El director de la OMS, Tedros Ghebreyesus, advirtió sobre el acaparamiento, ante un anuncio del G-7 de donar 7.500 millones dólares al fondo COVAX, “si no podemos comprar vacunas, el dinero no sirve para nada”. Según las previsiones de la OMS, se esperan 337 millones de dosis totales a distribuir entre 145 países, algo que no llegaría a vacunar ni al 20% de la población de esos países (página12, 23/2).

Argentina y Brasil

Argentina y Pfizer negociaron en junio de 2020 un acuerdo para proteger a la compañía en caso de demandas judiciales que inicien los usuarios. La empresa solicitó cargar los costos de cualquier resarcimiento ordenado por la justicia sobre Argentina. Es lo que aprobó el parlamento argentino en octubre de 2020. Sin embargo, Pfizer protestó porque la ley no la cubría en casos de “negligencia”.

Argentina ofreció enmendar la ley, para definir la negligencia para incluirla más claramente como “distribución y entrega de vacunas por negligencia” (Wionews), o sea a la logística.
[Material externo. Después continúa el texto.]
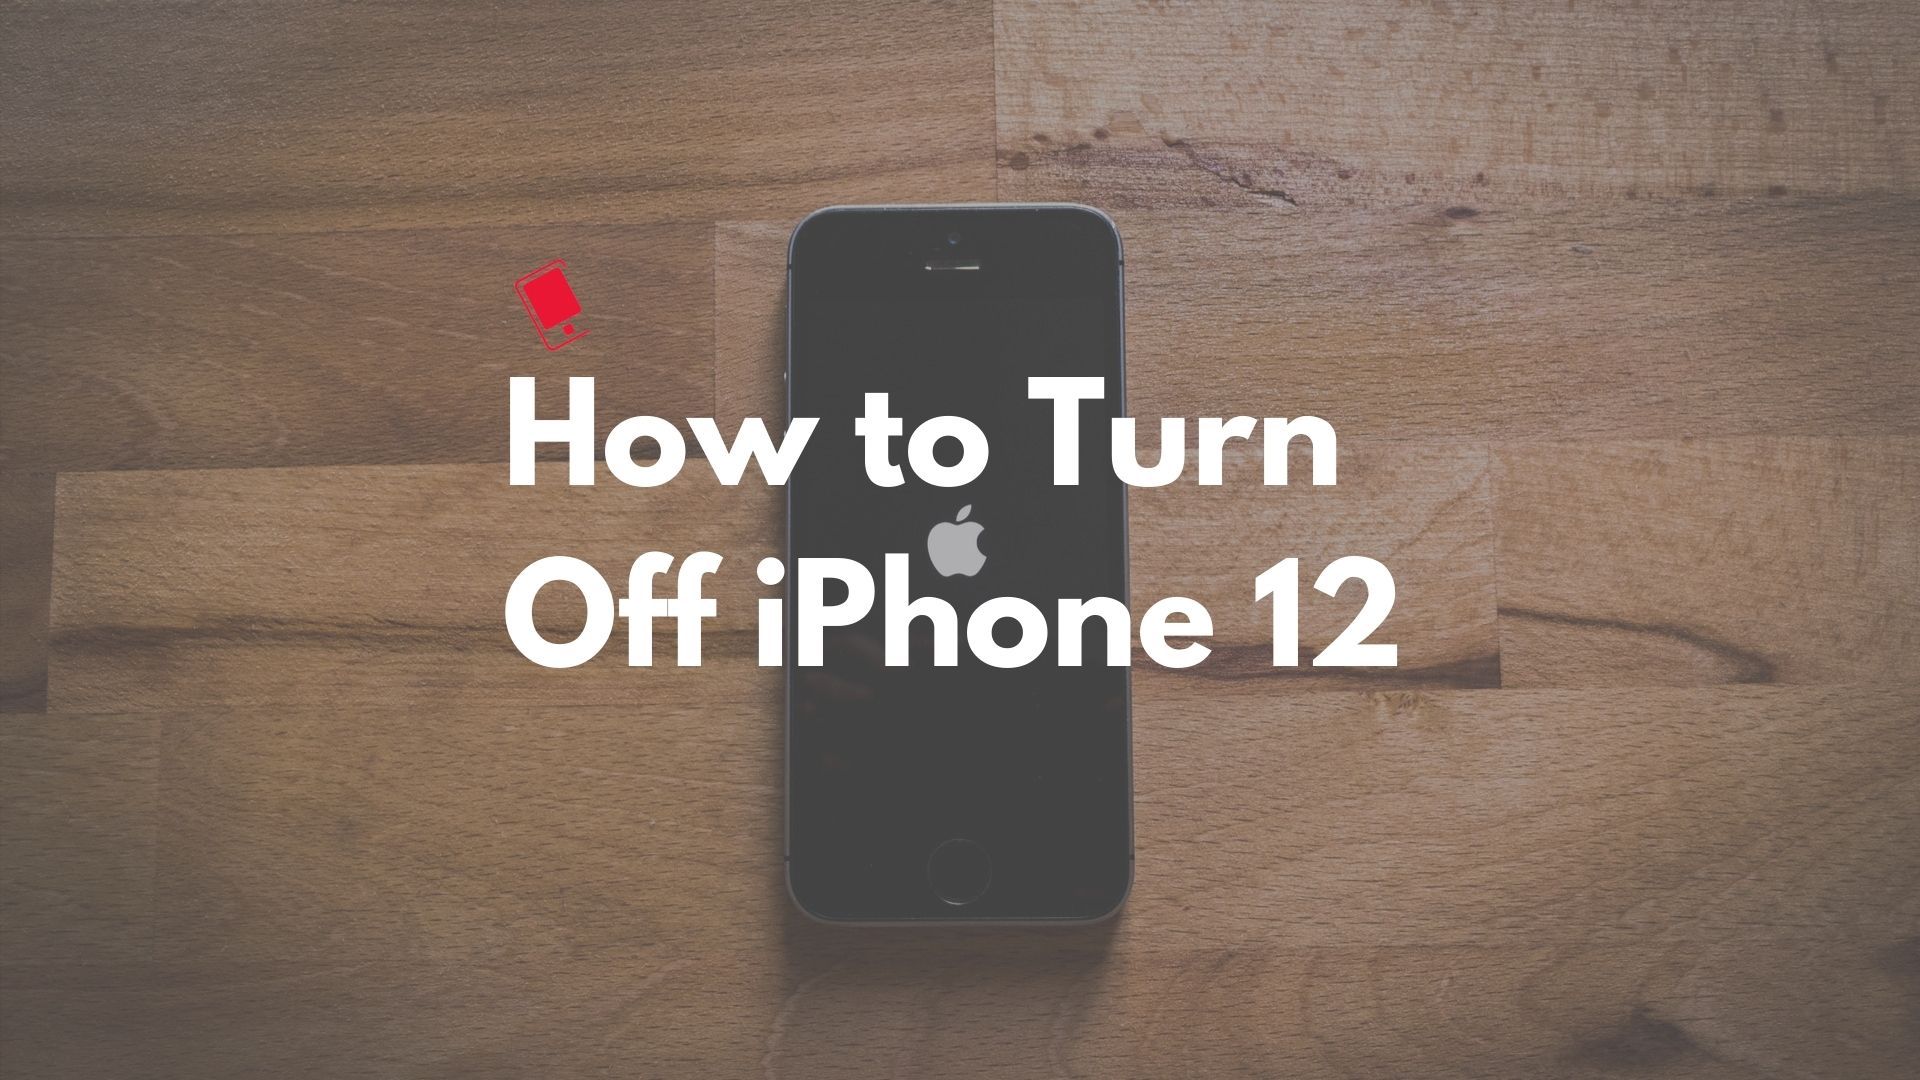 How to Turn Off iPhone 12 or iPhone 12 Pro

Pero Pfizer no acordó. “En los Estados Unidos, la ley PREP, que es la ley de preparación pública y preparación para emergencias, otorga total inmunidad a empresas como Pfizer y Moderna. Pero esto no se aplica a la negligencia, sino a la intencionalidad” (Inventia, ídem). Cuando Pfizer vio rechazado este reclamo, exigió que Argentina contrate un “seguro internacional” para pagar posibles causas judiciales contra la empresa”. Esto sí habría sido aceptado por Alberto Fernández. Para los desmemoriados, es oportuno recordar que en 2001 el gobierno de De la Rúa sacó un seguro para la convertibilidad. Cuando el peso se vino abajo, en 2002, ni el Deustche Bank, ni el Morgan cumplimentaron el contrato.
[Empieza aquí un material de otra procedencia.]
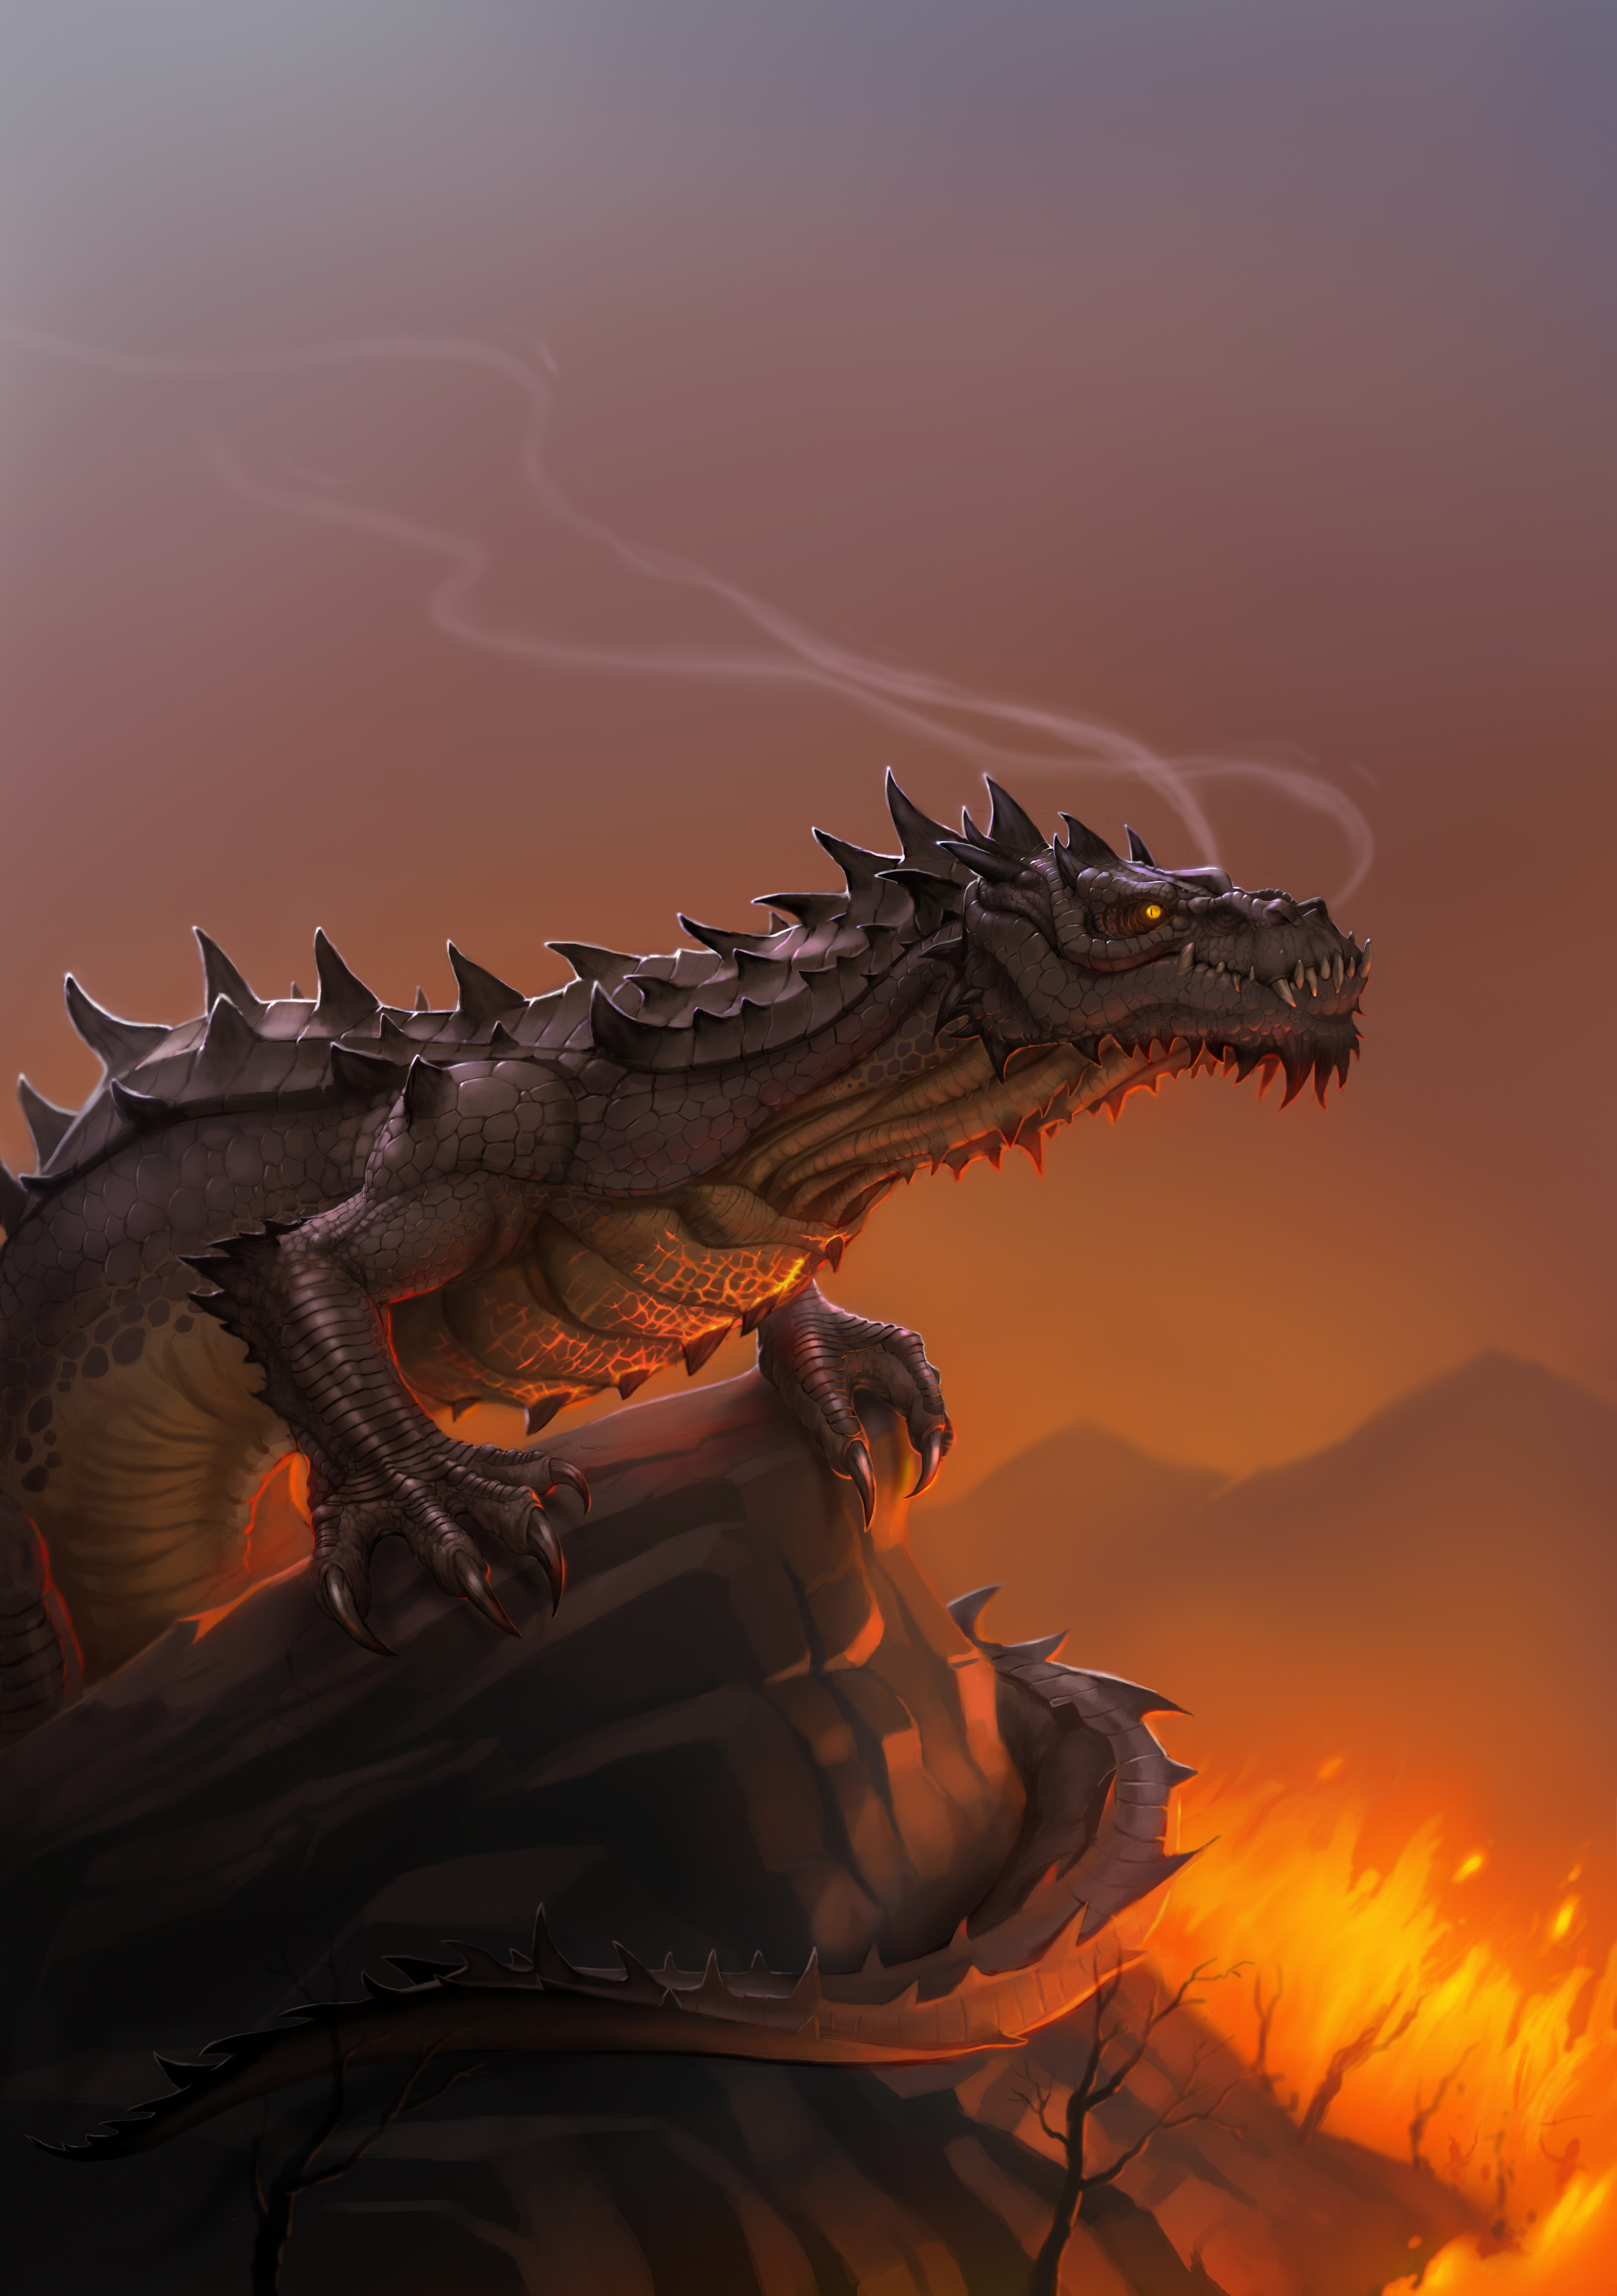 Glaurung the Dragon by sboterod on deviantART

“Pero aquí no es donde Pfizer terminó su acoso: en noviembre, Pfizer regresó con más demandas. Esta vez quería activos soberanos como garantía. Pfizer quería que Argentina pusiera, contenga la respiración, ¡sus reservas bancarias, su base militar y los edificios de su embajada como garantía!” (ídem). El sabotaje de Pfizer, que había hecho pruebas clínicas en el Hospital Militar, como anticipo de un contrato de vacunas, forzó las urgentes negociaciones de Argentina con Rusia. Ahora espera convertirse en productor de ella en asociación con México.

Brasil, el tercer país más afectado del mundo por la pandemia, también recibió aprietes. Pfizer reclamó a Brasil que creara un fondo de garantía y depositara dinero en una cuenta bancaria extranjera, “una demanda tan extraña y despiadada” (ídem). El 23 de enero de 2021, el Ministerio de Salud de Brasil emitió una declaración en la que citaba a expertos de las cláusulas previas al contrato de Pfizer: “Brasil renunciaría a la soberanía de sus activos en el exterior a favor de Pfizer, las reglas del país no se pueden aplicar a Pfizer, Brasil toma en consideración el retraso en la entrega, Pfizer no será penalizado por el retraso en la entrega, en caso de efectos secundarios, Pfizer quedará exento de toda responsabilidad civil” (ídem). Como consecuencia, Pfizer retrasó la entrega de vacunas, lo que costará miles de vidas, en Brasil donde mueren 1.400 personas por día. Bolsonaro se agarró desesperado a la vacuna Sinopharm, a pesar de haber denunciado durante meses al “virus de Wuhan”.